Saturday 28 June 2008

Keele Sociologist of the Week: Jane Parish

This is a(nother) new feature on our blog: we will be featuring a profile of staff members from the School of Sociology and Criminology from time to time. If you want to make contact with them - perhaps to enquire about their publications, research or opportunities for study of PhD supervision, then just click through the link on their name to their Keele homepage. This week:

Dr Jane Parish

Jane is by training, a sociologist and anthropologist. She did her PhD in Ghana, studying beliefs and practices on witchcraft, luck and risk among the Akan. Like most anthropologists, she feels that unless you've had at least one bout of malaria, you're not doing 'proper' anthropology. But these days she does her research a bit closer to home. She recently published a paper on 'lucky objects' collected and used in Bingo halls in the UK. This carries on her interest in the everyday use of ideas of luck and fate, which are all around us. As she says: " in contemporary Britain, everyday objects become heavily ritualized by people in order that they might seek explanations and answers for ‘the inexplicable’. Whether, as Reith (1999) notes, we avoid cracks in the pavement or, like Rousseau, engage in stone-throwing, determining if life will go well according to whether we hit a tree or another designated spot, the completion of the ritual is linked to the outcome of the game." This notion - of having some control over ones future by using ritual objects - seems like a relic of the past. Jane's work however, shows just how central the ritual object can be, even in our complex, global consumer society.

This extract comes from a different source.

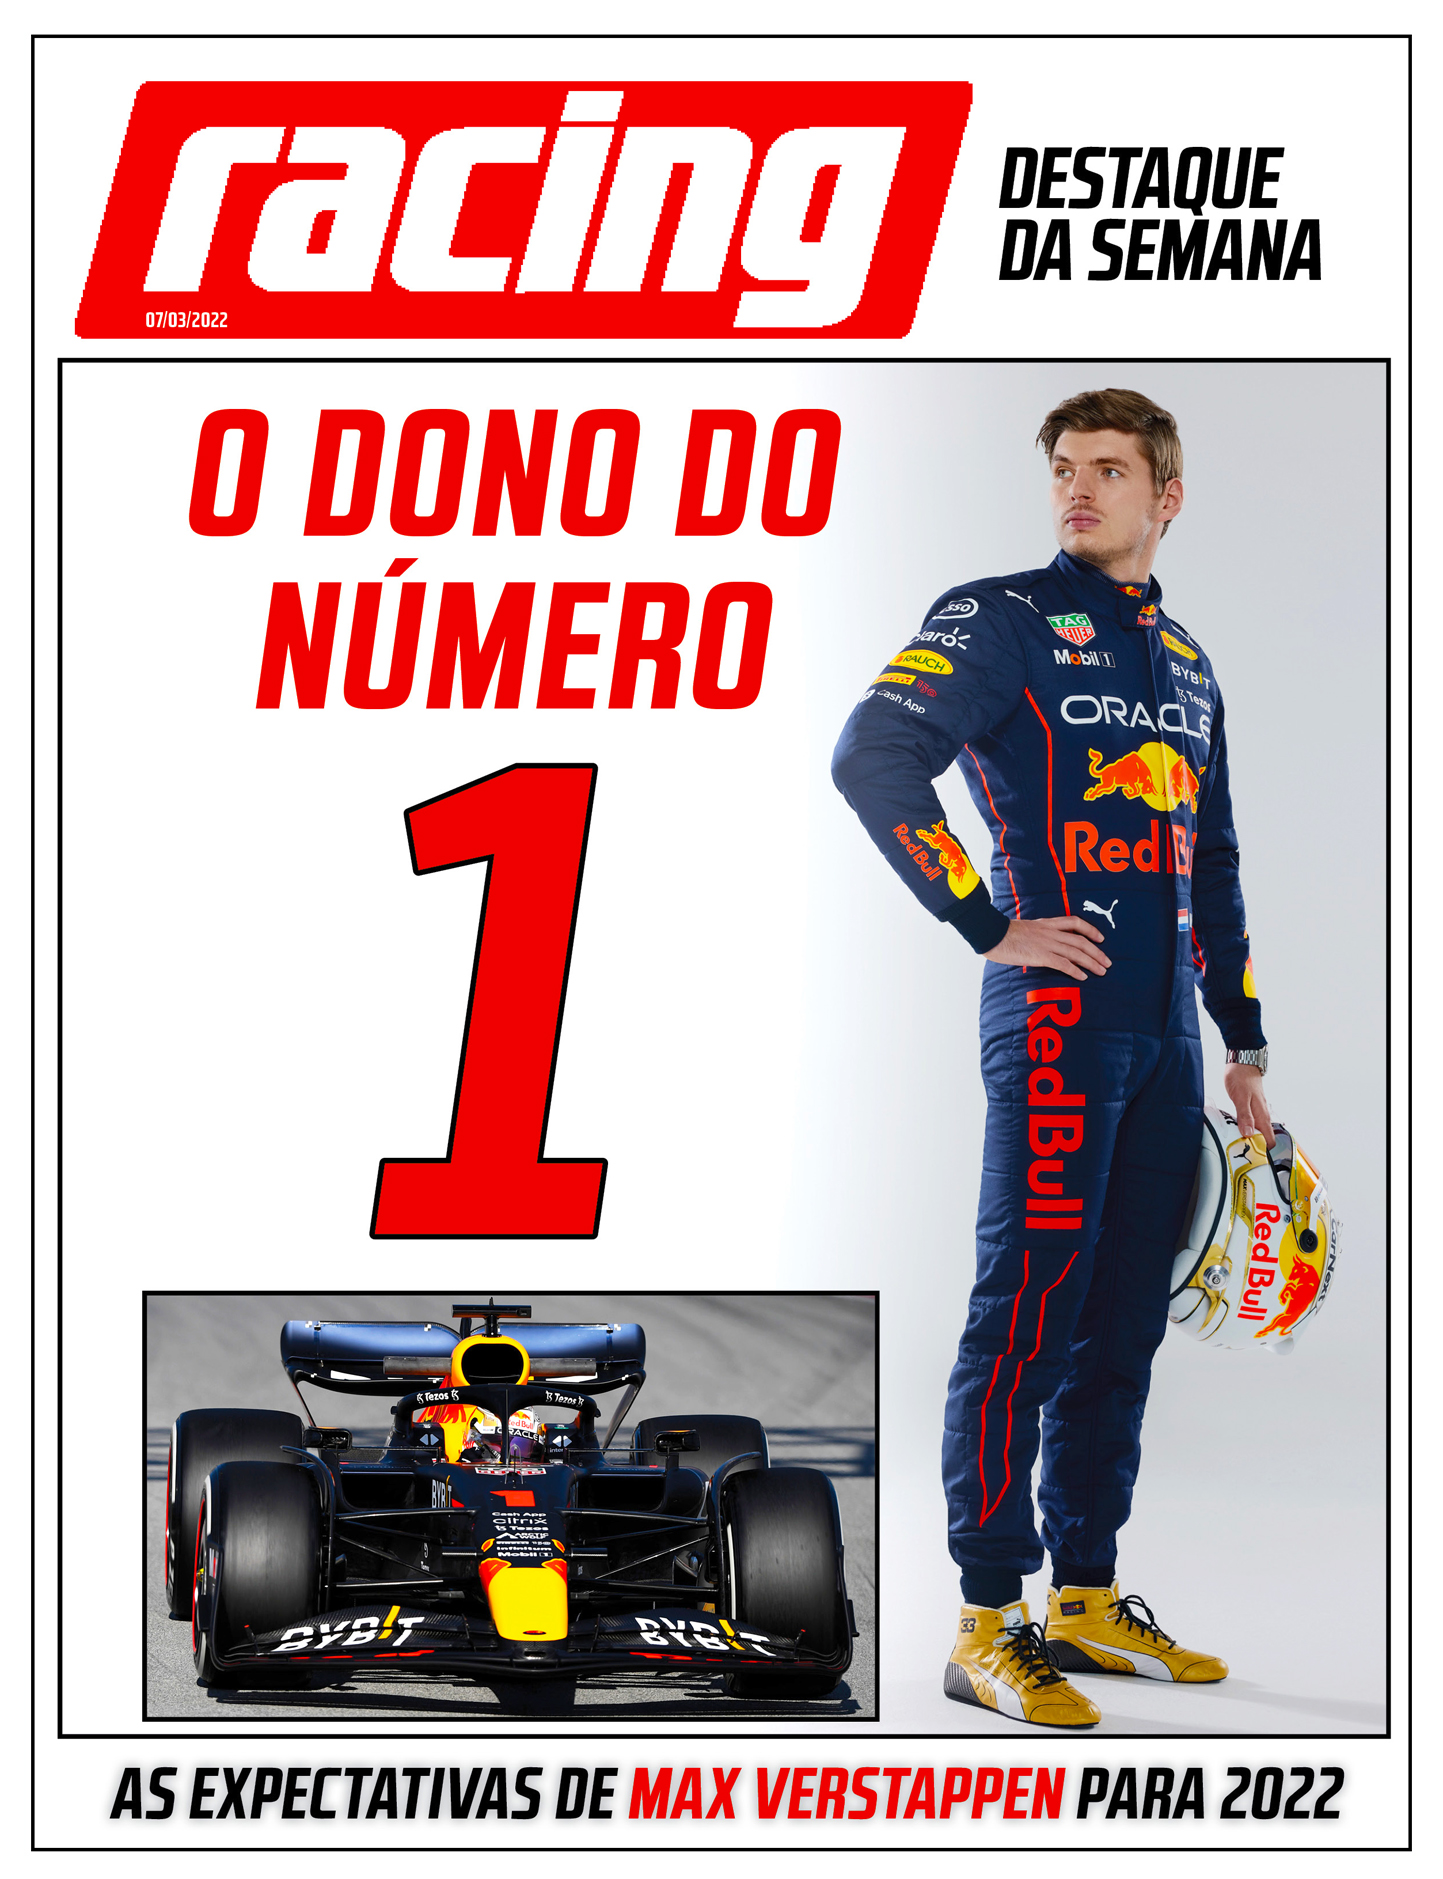 Capa Destaque da Semana RACING - Max Verstappen Número 1

Indeed, she suggests, it is because our society is so complex and rife with risk and anxiety that we must rely on such 'whimsies' and 'touching for luck'.

Jane teaches modules on Risk and Anxiety, Witchcraft and will be contributing to new modules and Masters programmes on Urban Futures. She welcomes PhD applications in any of her areas of specialism, particularly anthropology (at home or abroad) and sociology of risk, anxiety, luck and gambling.